Creativity | November 26th, 2008

Are you like me and take your hands for granted? Last night, I forgot a friend’s telephone number and realized that I was letting my fingers hover over the phone as if my fingers had their own memory.

Then I made a list of other things my hands could do that I never have to think about. Dialing telephone numbers, punching in codes, scratching itches, typing letters, holding other hands at just the right time, feeling in pockets for keys before I get to my front door, wielding spoons, testing washed clothes for dryness. I could have gone on and on, as I realized how my fingers hold many of the memories that keep me functioning.

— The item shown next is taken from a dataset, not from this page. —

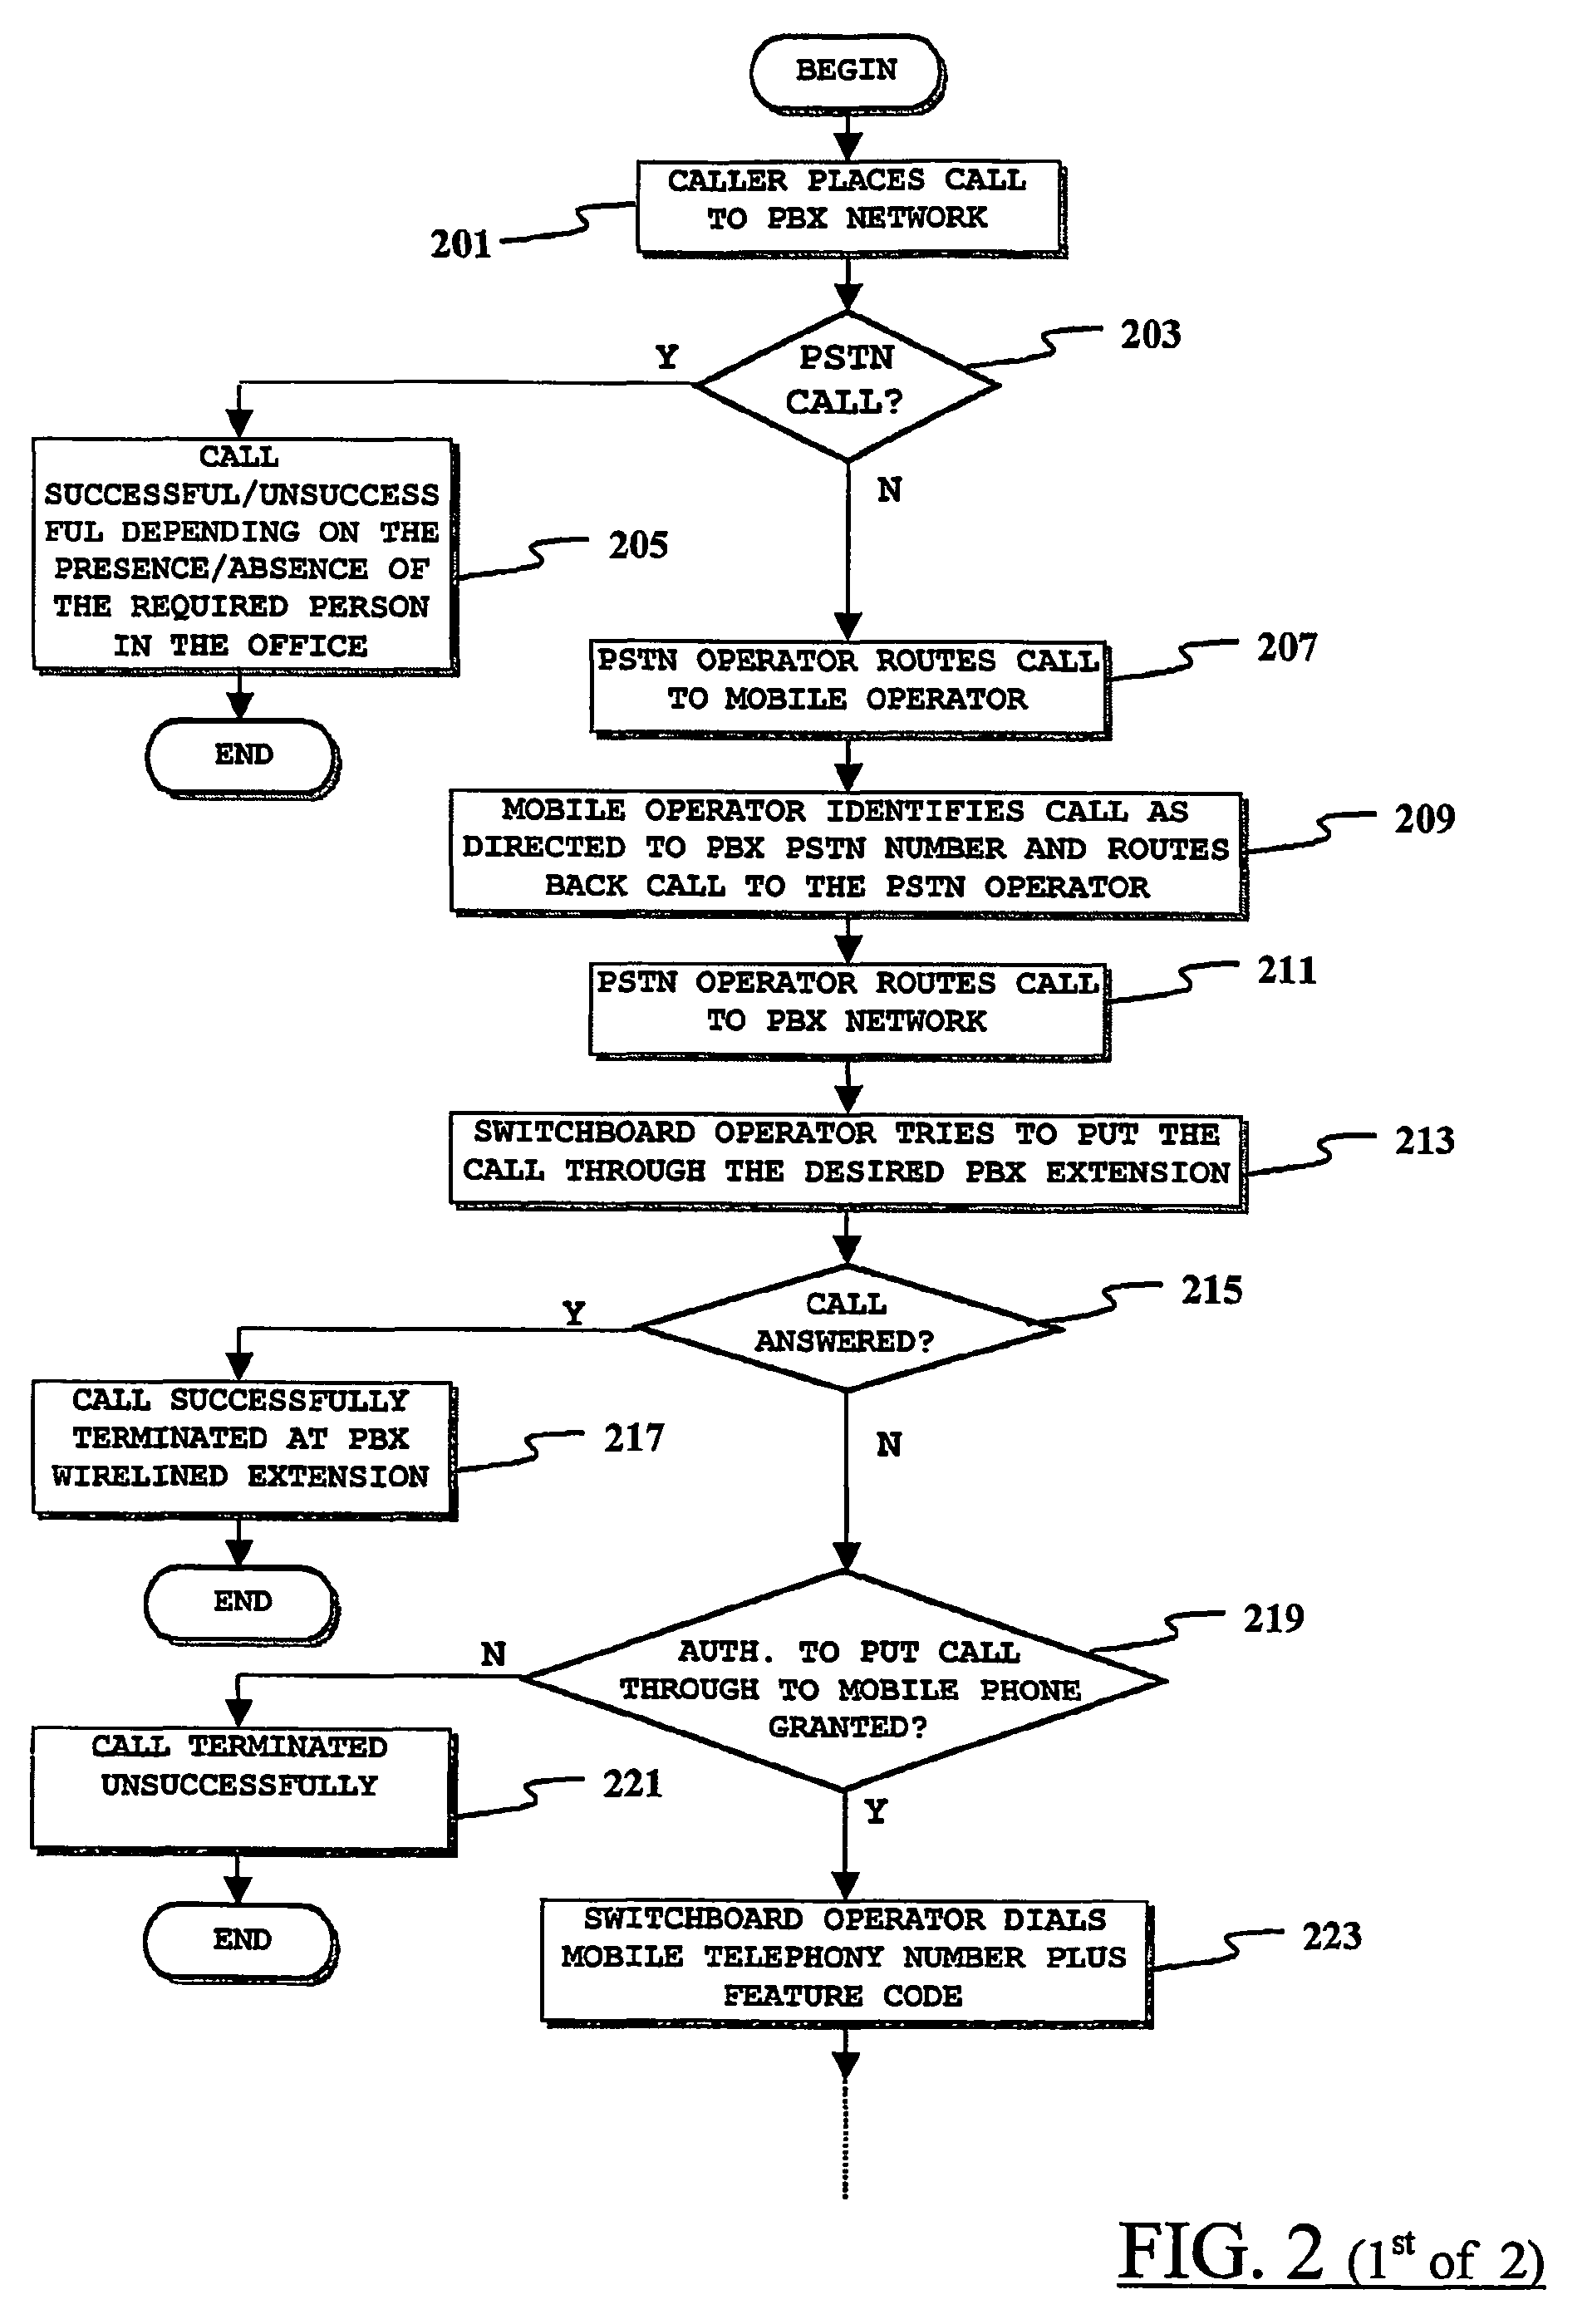 Method and system for call forwarding between a wireless switching apparatus and a fixed telephony network using a virtual number

So I started to write about one particular thing I love doing – playing cards. I wrote only from the point of view of my hands. I described how they held the spray of cards so expertly, how they shuffled the pack, how the fingers could pincer out exactly the particular card I wanted.

My Mother’s Hands

And then I stopped and looked at my hands properly. When I was a teenager I hated my hands, because they are large and square. I was sure no boy would ever kiss my hands and say they were beautiful, and I was right – although my husband says he likes peasant hands! But let me tell you something that I love. My mother had very small, delicate hands but my index fingernail is exactly the same almond shape as hers was. When she died, I spent some time just feeling the nail, feeling comforted that my daughter had also inherited this particular shape. It’s like a secret shared by the women in my family.

So I carried on my piece about playing cards by writing about what my hands looked like, and then I tried to describe what my mother’s hands looked like. My mother loved playing cards too, and as I was writing, I realised that the way I pulled out a card was exactly the same way she had. With a little flourish and daring.

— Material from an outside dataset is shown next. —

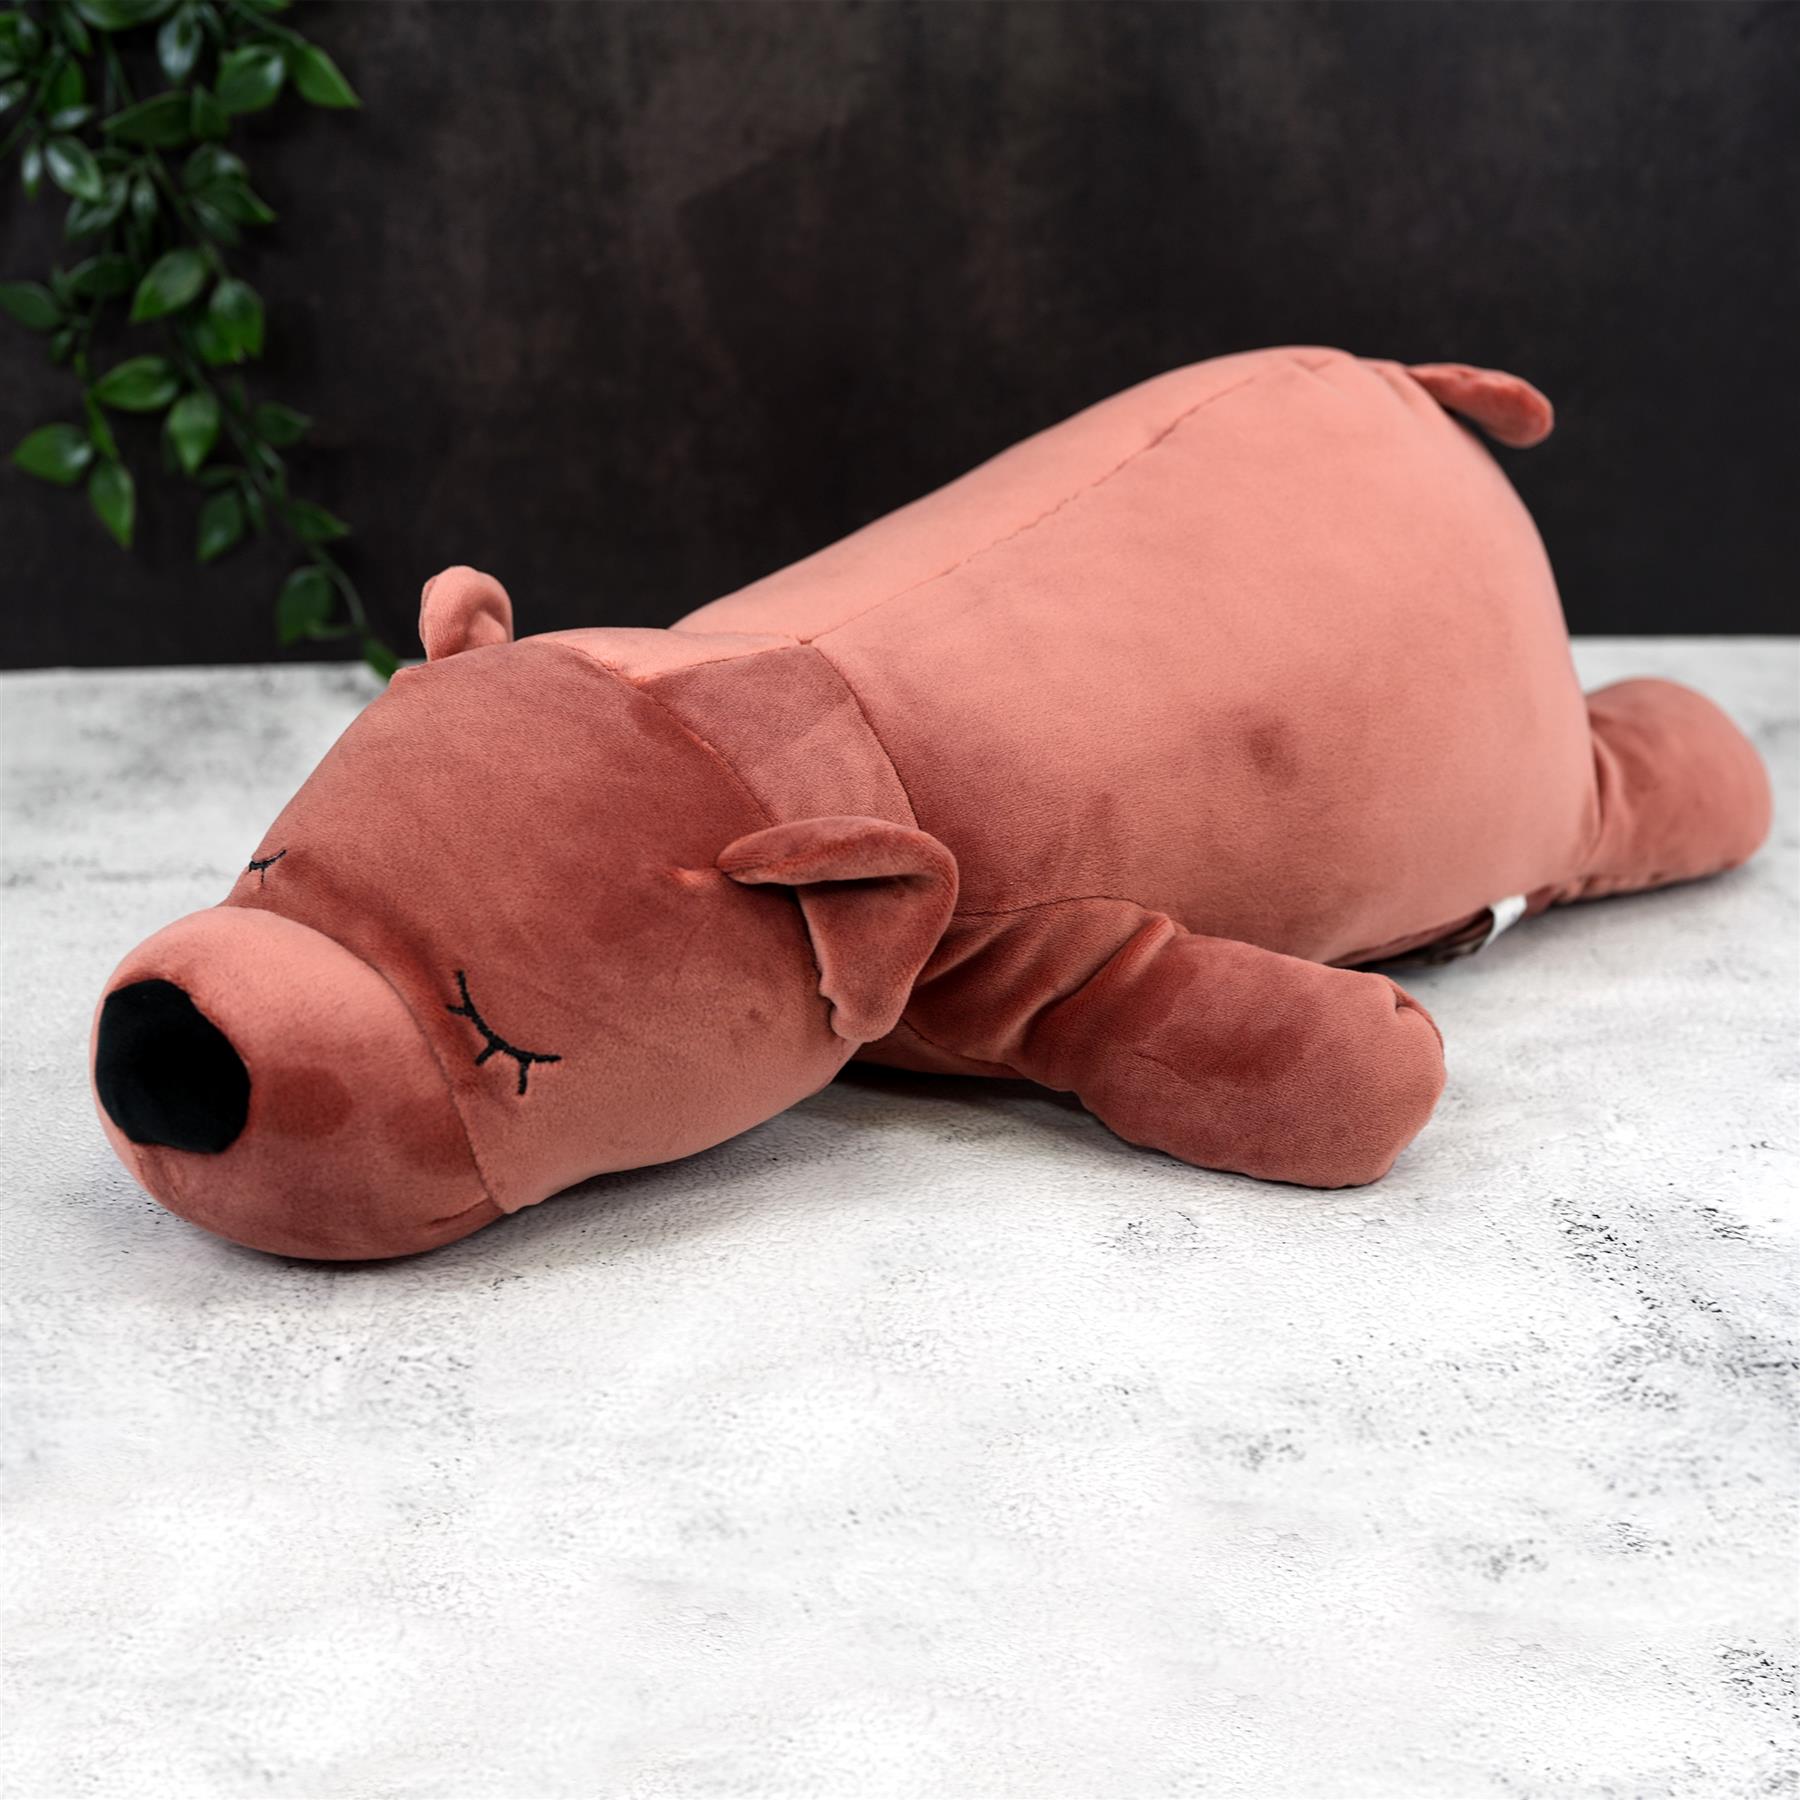 20” Super-Soft Bear Plush Pillow Toy by The Magic Toy Shop - UKBuyZone

So I started my piece again. My hands hold the cards just how my mother’s did, I wrote. They play to win. I kept focusing on our hands, and I used this as a way of celebrating both our similarities and our differences. It gave me a distance with which I could explore some quite deep emotions about our relationship, and every so often I came back to the hands and the card-playing which grounded the piece in something real.

Now You Do It

I suggest you try it. Not necessarily with your mother or a family member, but with your own hands. Maybe you want to write something more humorous. How about a letter from your left hand to your right hand – hey, why should I always have to do all the work round here?! Or perhaps you could try to describe someone just through their hands alone. What would they tell you about how that person had lived their life? What about a particular moment? Perhaps it’s the first time you counted your baby’s fingers, or when you first held hands with your partner. Or when you first saw a shadow puppet show.

It’s a good project to do with children, because their imaginations are so vivid. Ask them what their hands can do, and you will have a list of dreams as well as our more utilitarian purposes. One of my small friends pretends his fingers are mini rockets. If he holds them in a certain way they can break through space. What? Can’t yours? Another child I know has a pink plastic ring. Every time she puts it on, she waves as if she is the Queen. She’s mastered the royal wrist-flick perfectly, but somehow she can’t do it without the ring.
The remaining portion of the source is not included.